The early-bird results for the first quarter of the financial year suggest the wait for "better days" could be long. Profit and revenue have both shown tepid growth; companies continue to face the same headwinds as in the years during the latter half of the last government. The demand environment remains challenging, and incremental revenues are falling short of costs - both operational, as well as financial. Five years of near double-digit consumer inflation has made costs, especially salary and wages, sticky, translating into a decline in output per worker or labour productivity. Asset utilisation in a majority of the manufacturing and infrastructure industries is at the lowest in a decade, thanks to a combination of rapid capacity expansion between 2005 and 2011, and a subsequent demand slowdown. Both constraints feed into each other. Lower inflation could help companies put a lid on wage growth, and improve their cost competitiveness. Conversely, any halt to further capacity expansion would lead to a gradual improvement in capacity utilisation, leading to an improvement in corporate finances over a period of time. The results so far suggest that this is not happening on any meaningful scale as yet. Salary bills continued to grow faster than revenues, and volume and interest cost once again rose faster than operating profit. The result was a further deterioration in the interest-coverage ratio for companies.

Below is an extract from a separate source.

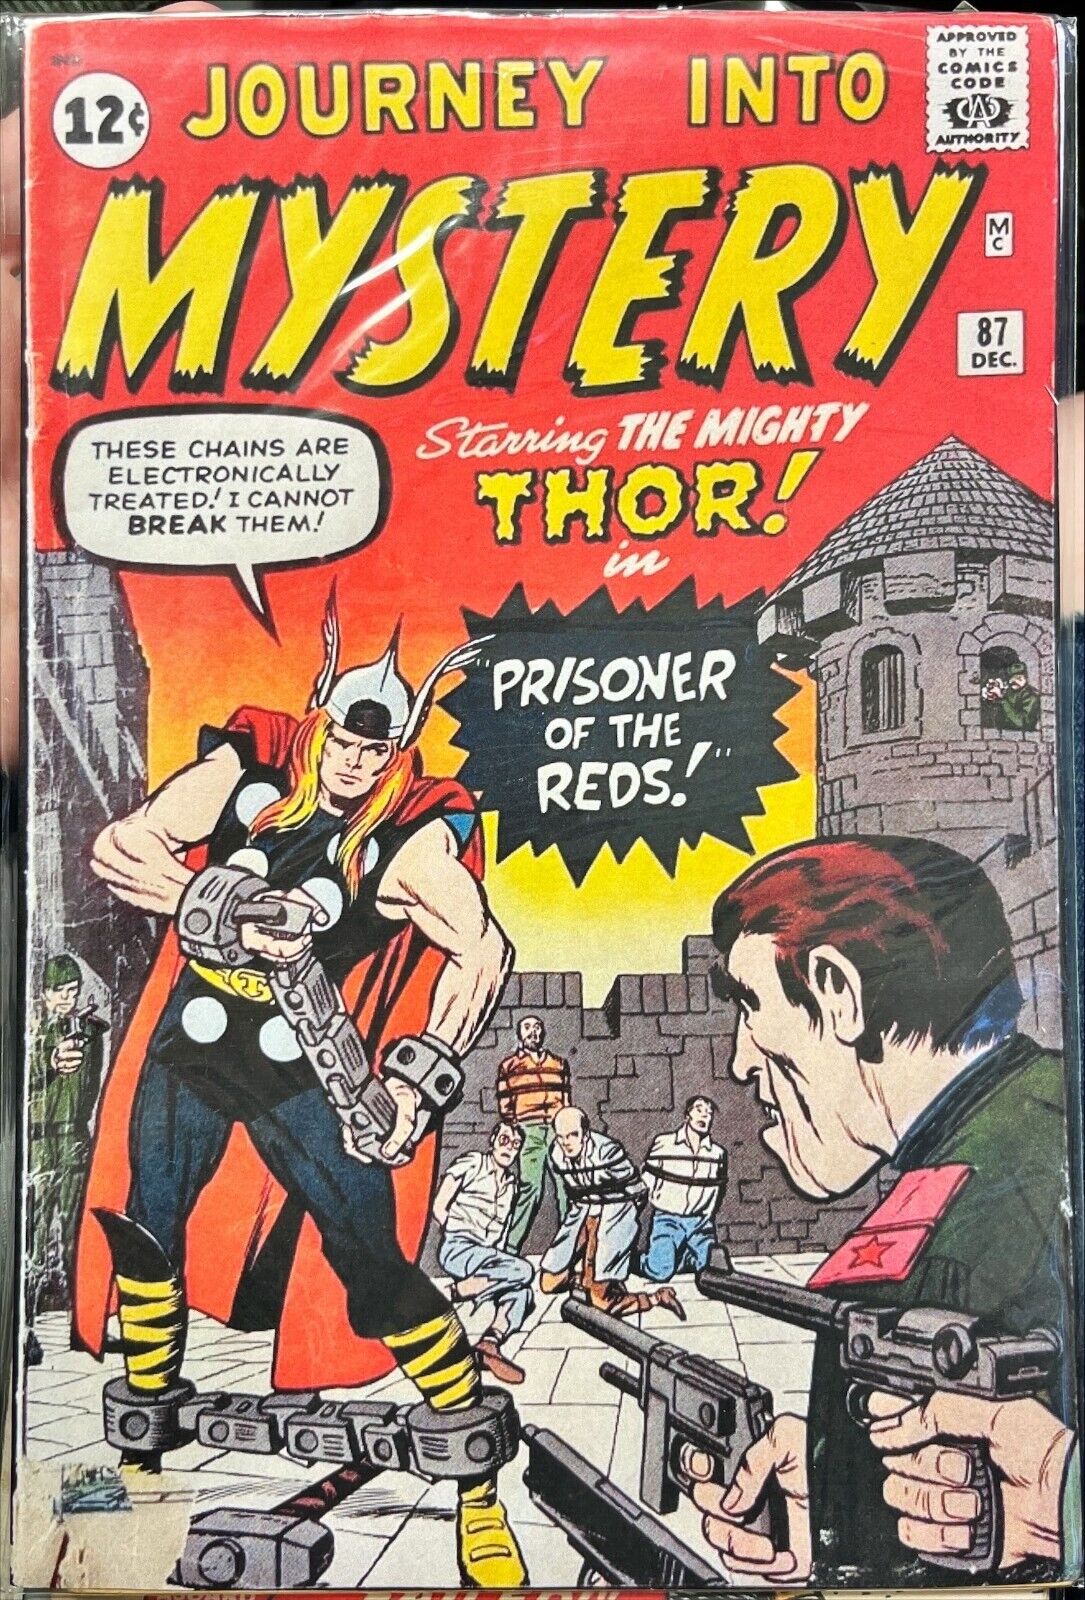 Journey into Mystery #87 Starring Thor

Some sectors, however, show promise. Idea Cellular, the country's third-largest mobile telecom service operator, reported its best ever numbers in many quarters, raising hopes for a turnaround in the beleaguered sector. Top firms in the automotive, agro-chemical and consumer goods sectors also reported better-than-expected revenue and profit growth. But the worry is that most of the growth for quite a few firms is due to a spike in pre-election government spending, rather than the result of sustained demand recovery in the economy. Also, the rupee depreciation's positive effects are visible in the numbers for information technology or IT, pharmaceutical, automotive, auto-ancillary and textile companies. A gush of foreign capital inflows in the last nine months and the consequent reversal of the rupee's movement have shown up such growth as unsustainable.
Contrary to popular perception, profitability might be the least of India Inc's concerns at the moment. Core operating profit at 17.4 per cent (excluding other income) is at a 12-quarter high for the core manufacturing and services sector excluding IT, financials, and oil and gas. This could either be due to still-strong demand in certain pockets of the economy, such as rural areas, or the companies' ability to charge higher prices on the back of inflationary expectations among consumers. Either way, companies might want to consider sacrificing some of their margins and letting consumer demand recover. That might kick-start sustainable growth.